Читать книгу Прощание навсегда - Владимир Аполлонович Владыкин - Страница 8

Часть первая
7. Мгновения детства

Оглавление

Для меня сплошным мучением являлось пробуждение по утрам, чтобы позавтракав, отправиться на занятия в школу.

Почему-то в нашей семье было не принято ложиться рано спать. Если родители ещё не шли ко сну, то и мы, их дети, играли допоздна в свои бесконечные игры. Обыкновенно отец, полёживая с вечера на кровати, слушал радиоприёмник, в то время как мама была ещё занята какой-нибудь домашней работой. Она то ли стирала, то ли гладила свежее высушенное бельё или к нашей школьной форме подшивала воротнички, то ли замешивала на выпечку хлеба тесто в квашне. Правда, сестрица Надя была ещё очень маленькая, поэтому её мама укладывала спать раньше всех, и предупреждала нас, чтобы мы не шумели.

Дедушка уходил в ночное дежурство охранять колхозные объекты и часто приносил нам оттуда пустые спичечные коробки.
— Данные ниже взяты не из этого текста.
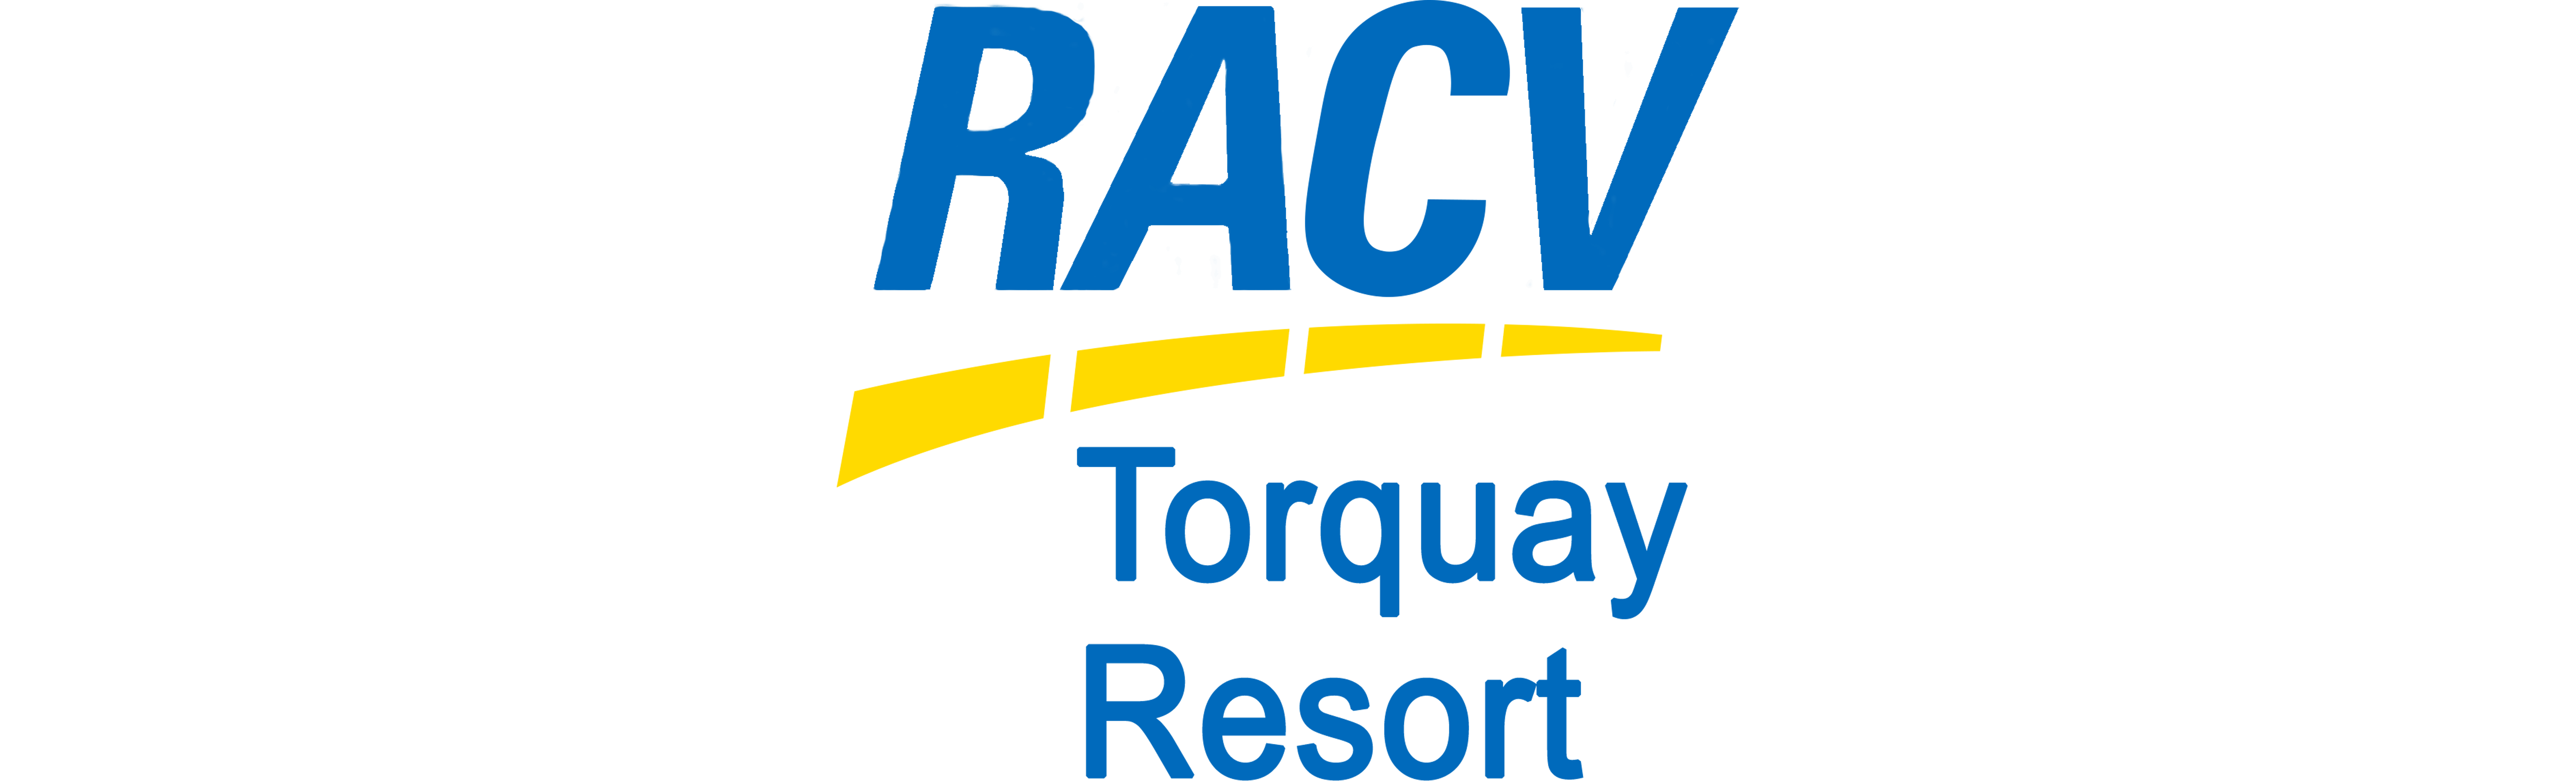 rscv resort

Из них мы делали поезда, железную дорогу и представляли, что едем в какой-нибудь город или страну…

Мы с братом Глебушкой взяли за правило учить уроки с вечера, а рано утром мама заставляла повторить задание на свежую голову. Однако утреннее пробуждение мне давалось с большим трудом, я еле-еле разлеплял глаза, которые тут же непроизвольно закрывались, и я чувствовал себя донельзя не выспавшимся и усталым, словно накануне днём хорошо физически поработал. Поэтому повтор уроков на свежую голову вызывал у меня недоумение, так как хоть я и пробудился, но моя голова ещё спала.
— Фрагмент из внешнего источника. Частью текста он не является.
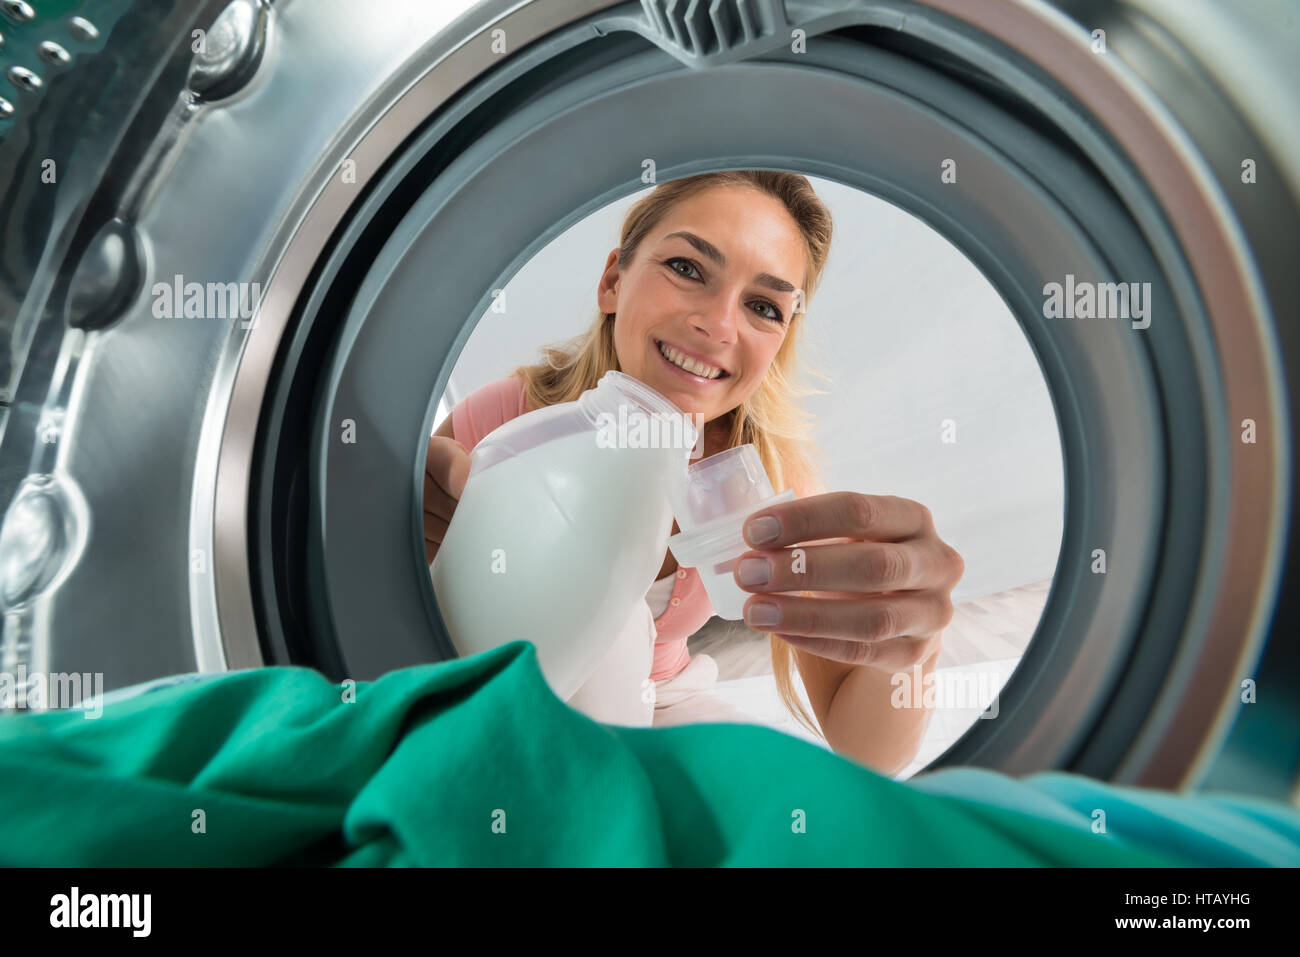 Young Smiling Woman Pouring détergent dans un couvercle de l'intérieur de la machine à laver Banque D'Images

Разумеется, когда мама будила меня и старшего брата в школу, всякий раз она безудержно нервничала и с болью в сердце выговаривала нам, чтобы вечером допоздна мы больше не заигрывались. И давала себе зарок загонять нас домой с улицы как можно раньше, что, впрочем, неукоснительно не исполняла, занятая по горло домашней работой. Но когда ей это удавалось, мы придумывали в хате для себя какие-нибудь ещё забавы, поскольку на ночь глядя у нас почему-то разыгрывались буйные фантазии. Время за играми пролетало незаметно, мы снова ложились поздно, отчего утром нас опять не добудишься. Помню, после мучительных побудок я обещал маме, что скоро придумаю себе распорядок дня и буду ему неукоснительно придерживаться. Но это было трудно сделать, и вовсе не потому, что в то время в обиходе не сложилось понятия биологических часов, которыми наделён каждый человек. Поэтому к чему себя приучил, к чему ты от рождения склонен, то это и образует твой характер и потому трудно поддаётся подчинению тому, что чуждо его природе и несвойственно ему.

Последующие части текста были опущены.